_Task requirements_:
Once you find the line with "infographic email marketing" in the listing below, set down exactly every line from it through the line with "Схема применения системы рециклинга", but no pictures.

_Data to examine_:
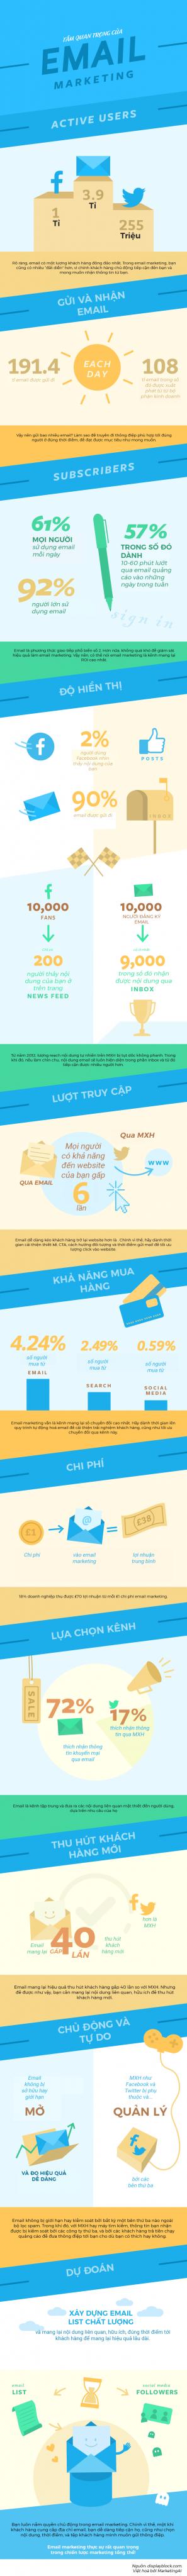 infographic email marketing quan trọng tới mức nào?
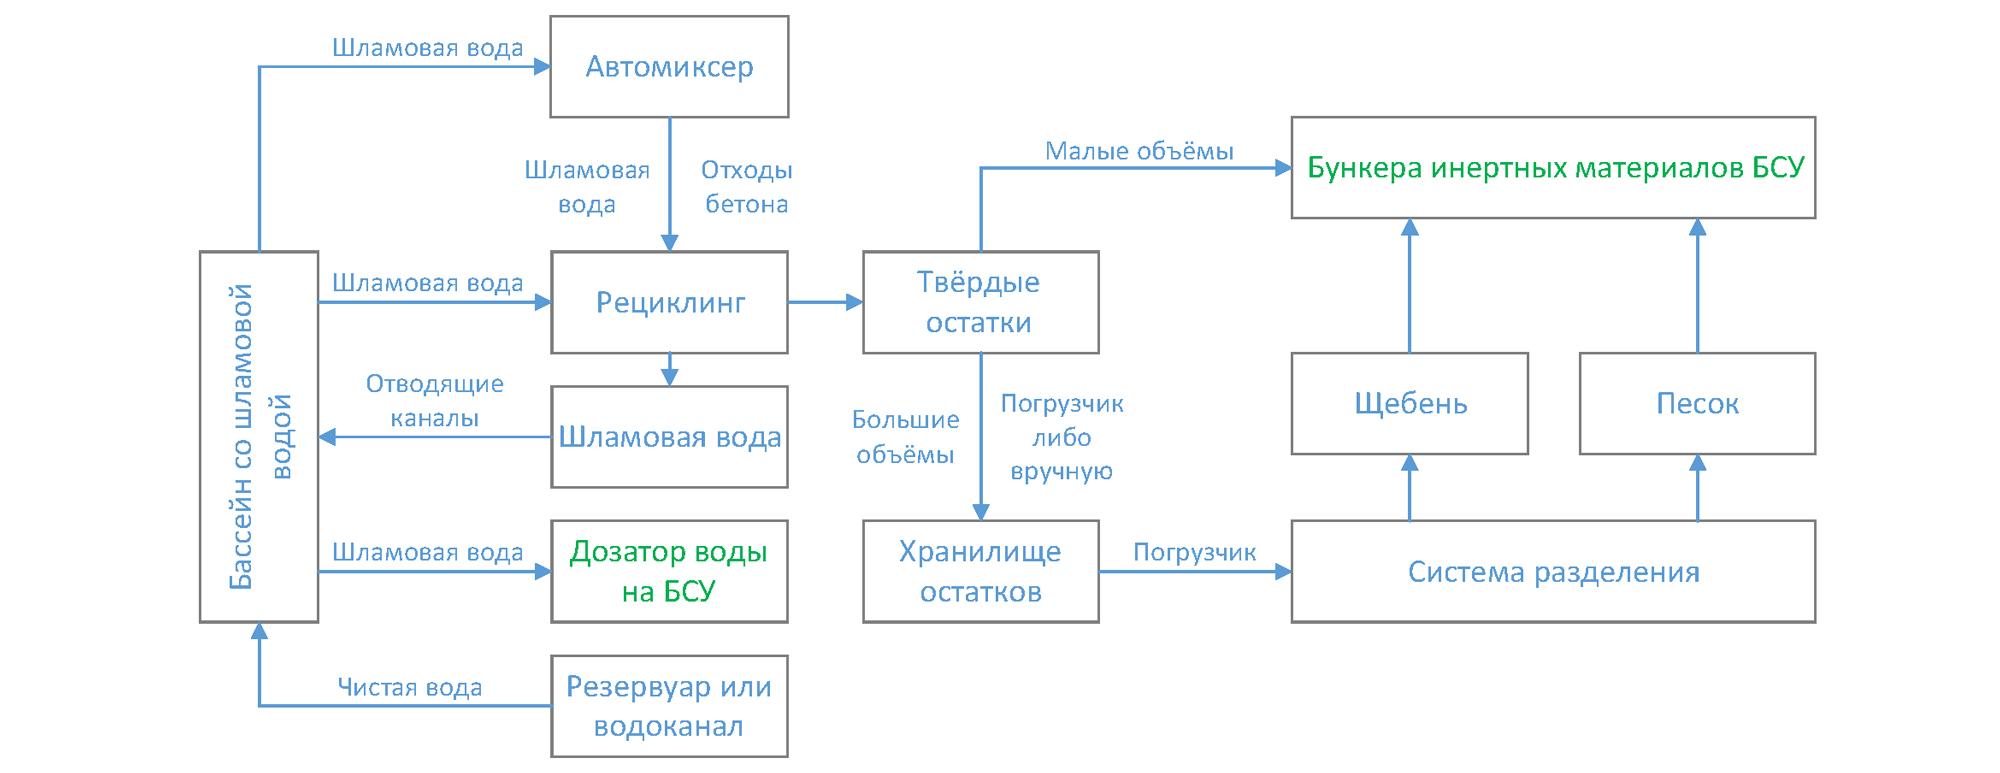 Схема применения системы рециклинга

--

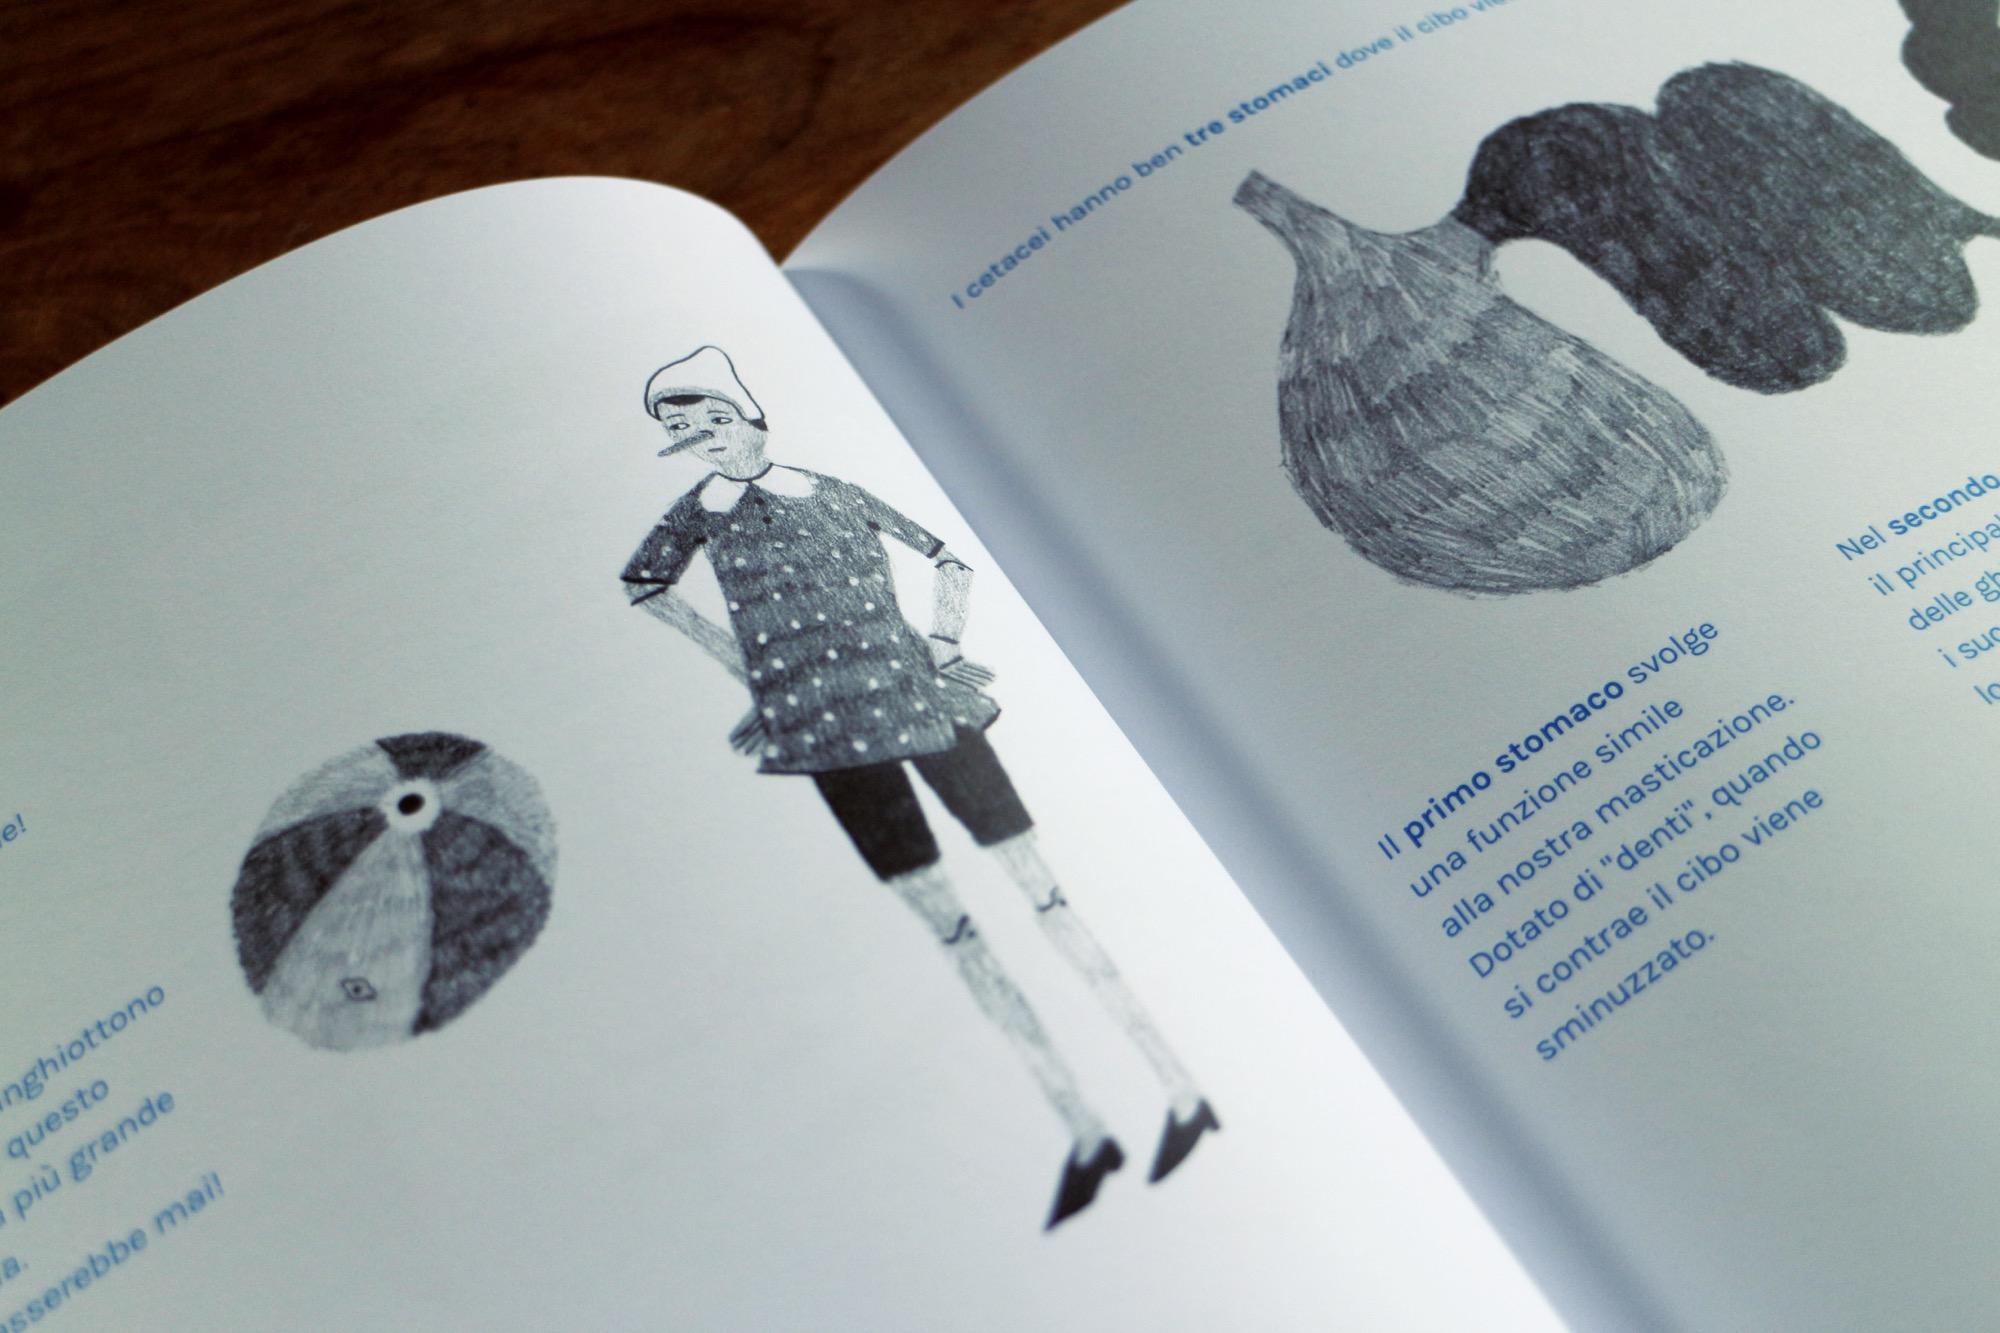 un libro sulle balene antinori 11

* * *

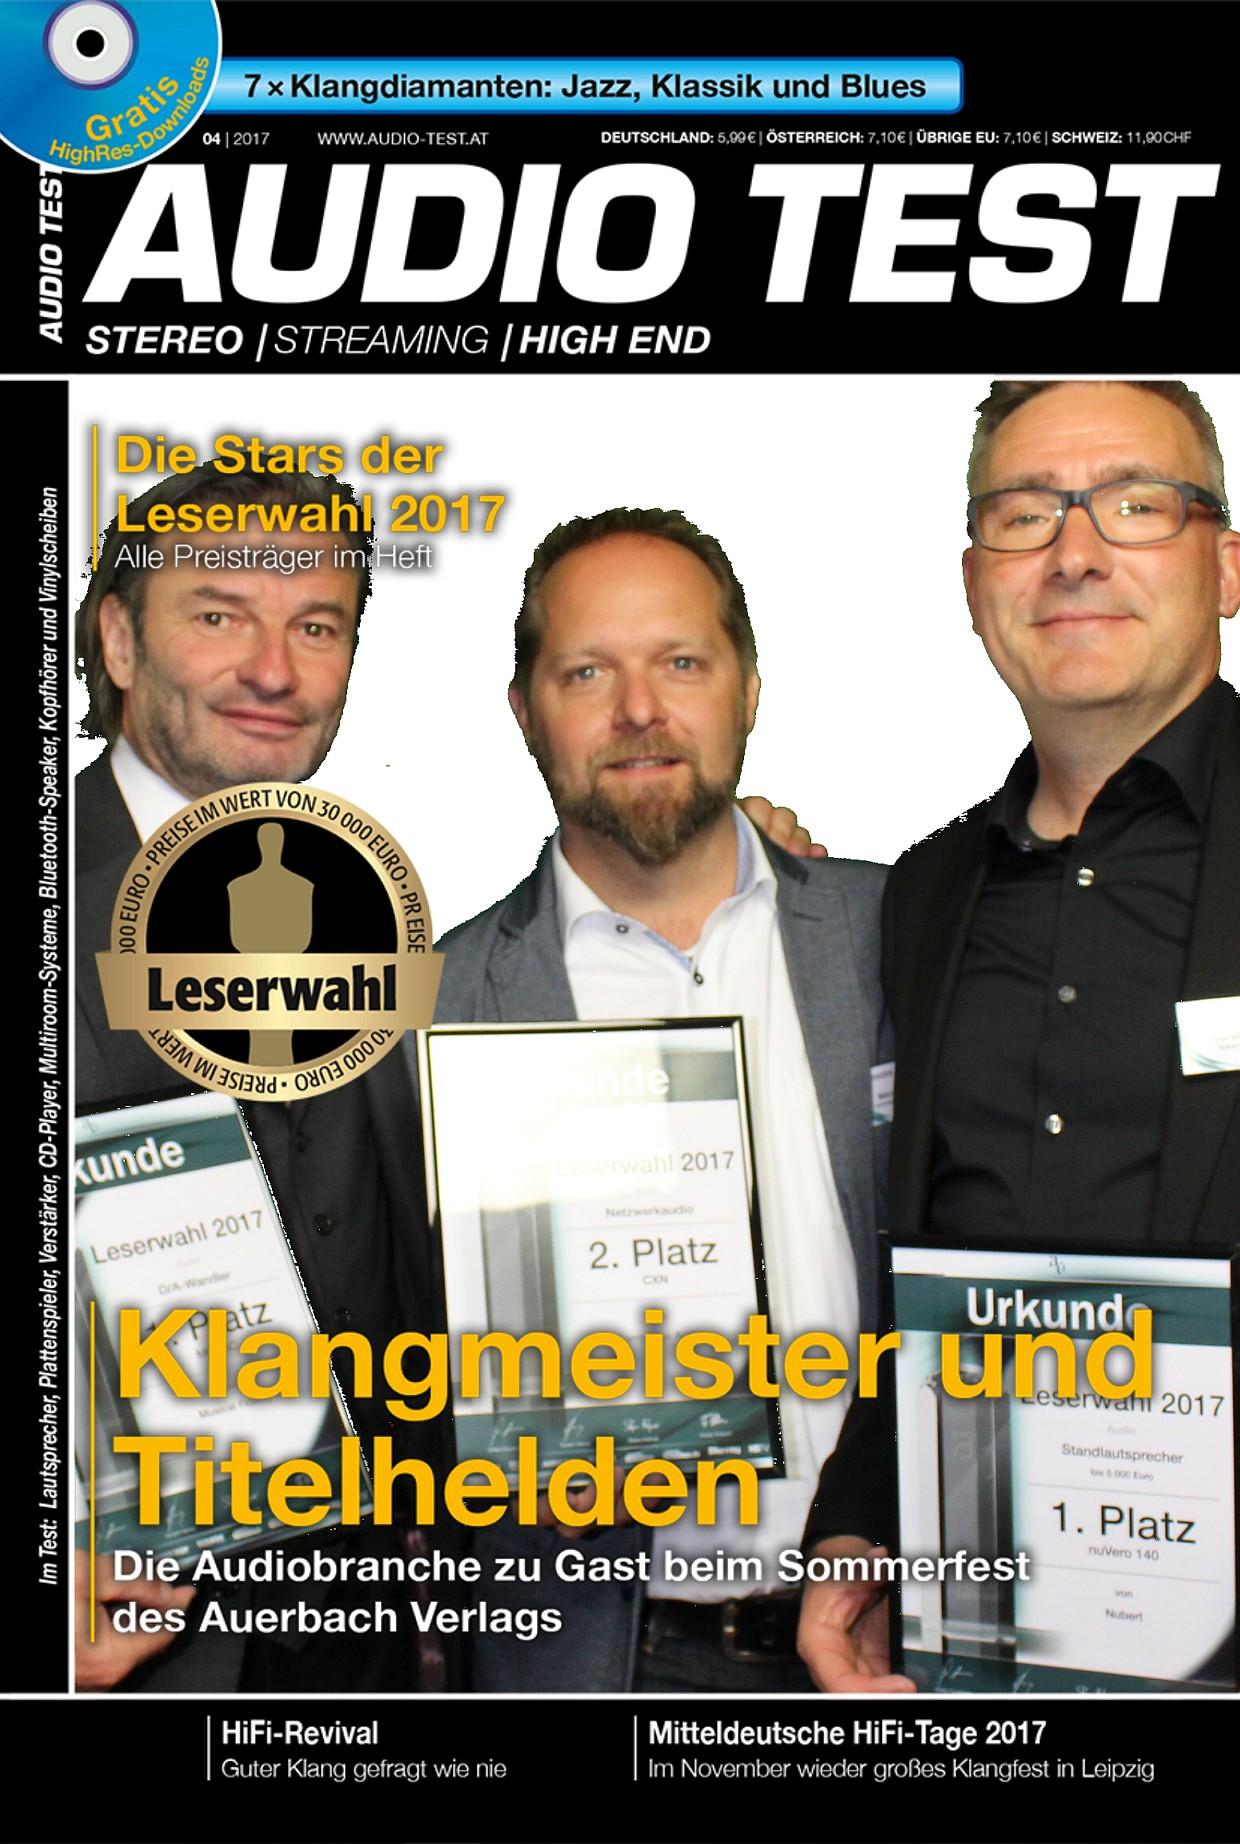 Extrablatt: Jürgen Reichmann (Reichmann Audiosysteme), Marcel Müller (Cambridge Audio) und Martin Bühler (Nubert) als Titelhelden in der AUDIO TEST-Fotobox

_Reply to the exercise_:
 infographic email marketing quan trọng tới mức nào?
 Схема применения системы рециклинга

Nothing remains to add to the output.